In every system, there’s a point where the system can not do more.
In a car, this limit is denoted by the gauge that measures the engine’s revolutions per minute (RPM).
When you step on the accelerator, the RPMs zoom up. However, you’ll notice the top end of the gauge is marked in red.
This is the red line.
If you push your engine past this line for too long, it will fail.
The thing is, every system has a red line.
In your body, when exhaustion is so high that caffeine no longer works to make you more alert, you’ve hit (and in all likelihood, surpassed) your limit.
Within a company, overexertion might be conveyed by the employee Net Promoter Score (NPS) – a popular way for businesses to measure customer or employee satisfaction with the company.
Within an academic environment, the pressure to succeed is too high when coping mechanisms like suicide and cheating are used or contemplated.
For highly successful people (and those who strive to be), the instinctive response tends to be: How do I move the red line even higher?
How do I push my body to go even longer without sleep?
How do I push my employees to produce even more before they break?

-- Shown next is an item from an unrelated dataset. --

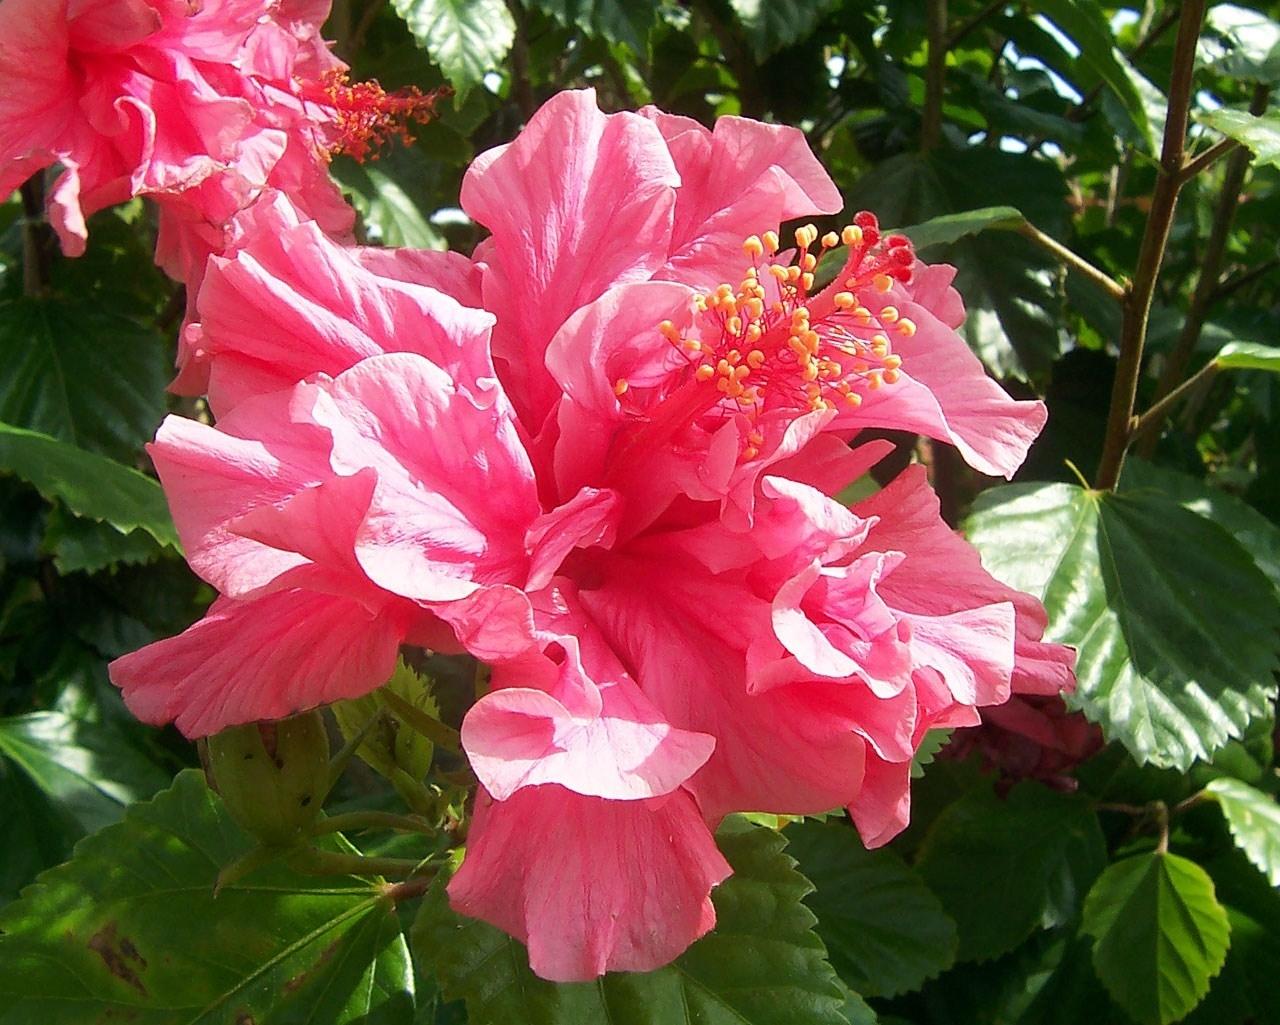 Significato ibisco - Significato fiori - Significato ibisco - fiori

How do I do even better in school, regardless of the costs?
In all these scenarios and within virtually any system, there is another option.
Respect the red line.
If you’re exhausted, go to bed.
If your team can’t do more without consequences, drop or delay one of your priorities and redistribute staff on a more focused agenda.
If the best you can do academically without cheating or killing yourself is 88%, take the 88%.
The key factor that determines whether you can respect the red line is…
Not acceptance that you can’t push harder… because in the short run, you can.
Rather, it’s the notion that pushing beyond the red line has consequences and accepting that, at some point, the consequences aren’t worth it.
That is the hard part.
The only way to respect the red line is to give up any success that might seem just beyond the red line and be okay with it.